The suboperations $O'_{\text{fetch}}$, $O'_{\text{prep}}$, $O'_{\text{exec}}$ and $O'_{\text{postp}}$ of $O_{\text{step}}$ correspond to the pipeline stages that a PGA instruction being processed passes through successively. When the suboperation corresponding to a stage other than the last one has handled a PGA instruction, the suboperation corresponding to the next stage is enabled to handle that PGA instruction in the next step, subject to the exceptions mentioned below. $O'_{\text{fetch}}$, the suboperation corresponding to the first stage, is always enabled to fetch a PGA instruction in the next step, subject to the exceptions mentioned below. The exceptions are the following:

- when $O'_{\text{prep}}$ has decoded a jump or termination instruction, pipelined instruction processing is stalled beginning with the PGA instruction fetched in the same step;
- when $O'_{\text{exec}}$ has executed either a positive test instruction with a negative reply as result or a negative test instruction with a positive reply as result, the PGA instruction fetched immediately after the test instruction is further discarded and pipelined instruction processing is started again with the next step if the latter instruction is a jump or termination instruction;
- when $O'_{\text{postp}}$ has adjusted the program counter on a jump instruction, the last fetched PGA instruction is discarded and pipelined instruction processing is started again with the next step.

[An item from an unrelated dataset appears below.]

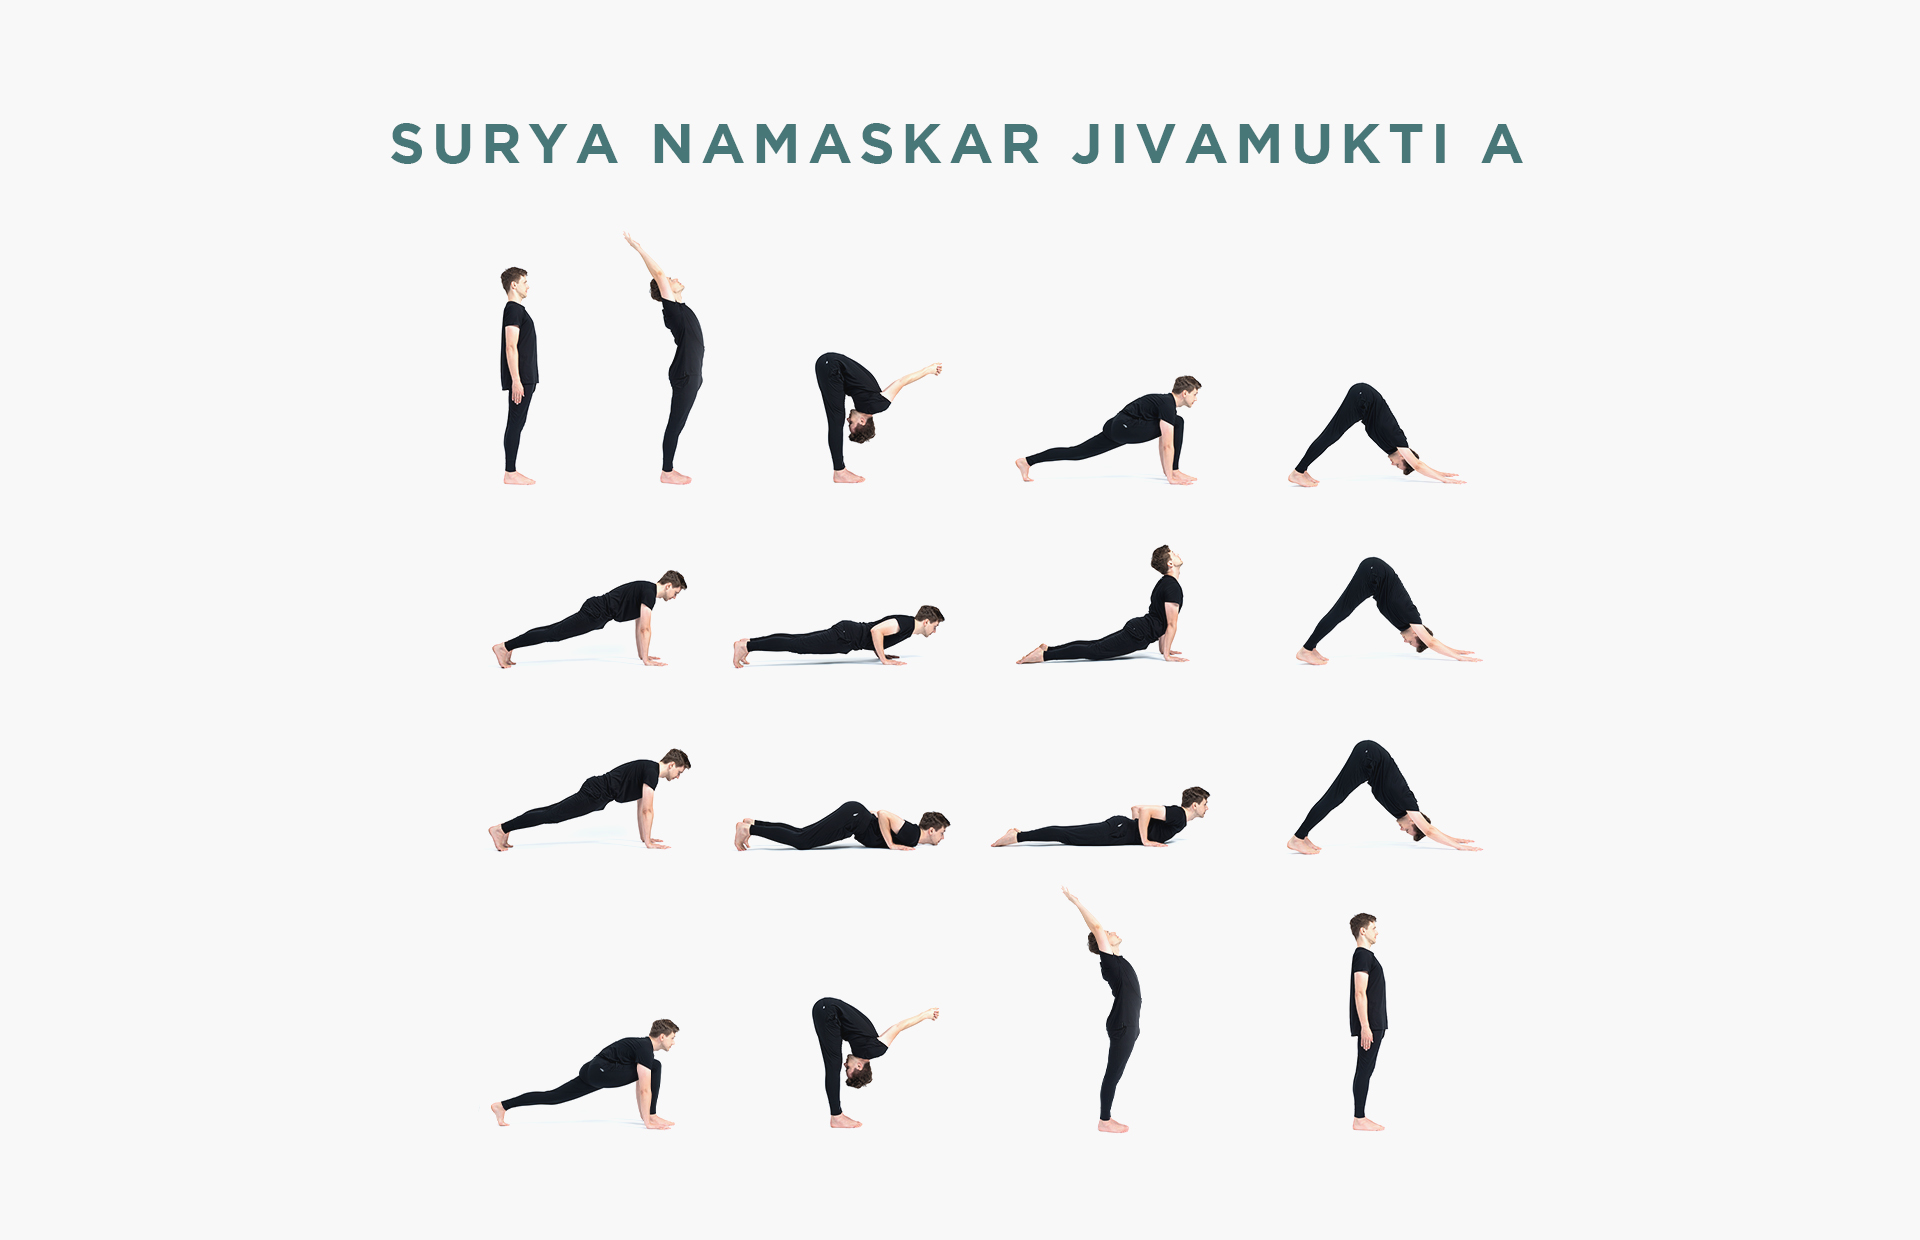 Surya Namaskar Jivamukti A sequence chart

Thus, the suboperations $O'_{\text{fetch}}$, $O'_{\text{prep}}$, $O'_{\text{exec}}$ and $O'_{\text{postp}}$ are not all enabled to handle a PGA instruction in every step of the pipelined instruction processing. The content of the pipeline status register indicates which of the suboperations are enabled. Enabledness is controlled by the pipeline control operation $O_{\text{plctr}}$. This operation is intended to be performed immediately after $O_{\text{step}}$. It takes parts of the output of the suboperations of $O_{\text{step}}$ to fix up the enabledness of these suboperations for the next step.

The idea is that in each step the suboperations $O'_{\text{fetch}}$, $O'_{\text{prep}}$, $O'_{\text{exec}}$ and $O'_{\text{postp}}$ are performed in parallel. To justify the use of the term pipeline here, we have to show that the suboperations can actually be performed in parallel. We come back to this issue in Section 9.

Consider the guarded recursive specification over BTA that consists of the following equation:

$$CT' = \text{step} \circ (CT' \leq O_{\text{plctr}} \geq (S \leq \text{halt} \geq D)).$$

Let $P$ be a finite PGA program. Then applying thread $\langle P \rangle$ to a state of the Maurer machine $H$ has the same effect as applying power thread $CT'$ to the corresponding state of the SP-PL-enhancement of $H$ in which the program memory contains the stored representation of $P$. This is stated rigorously in the following theorem.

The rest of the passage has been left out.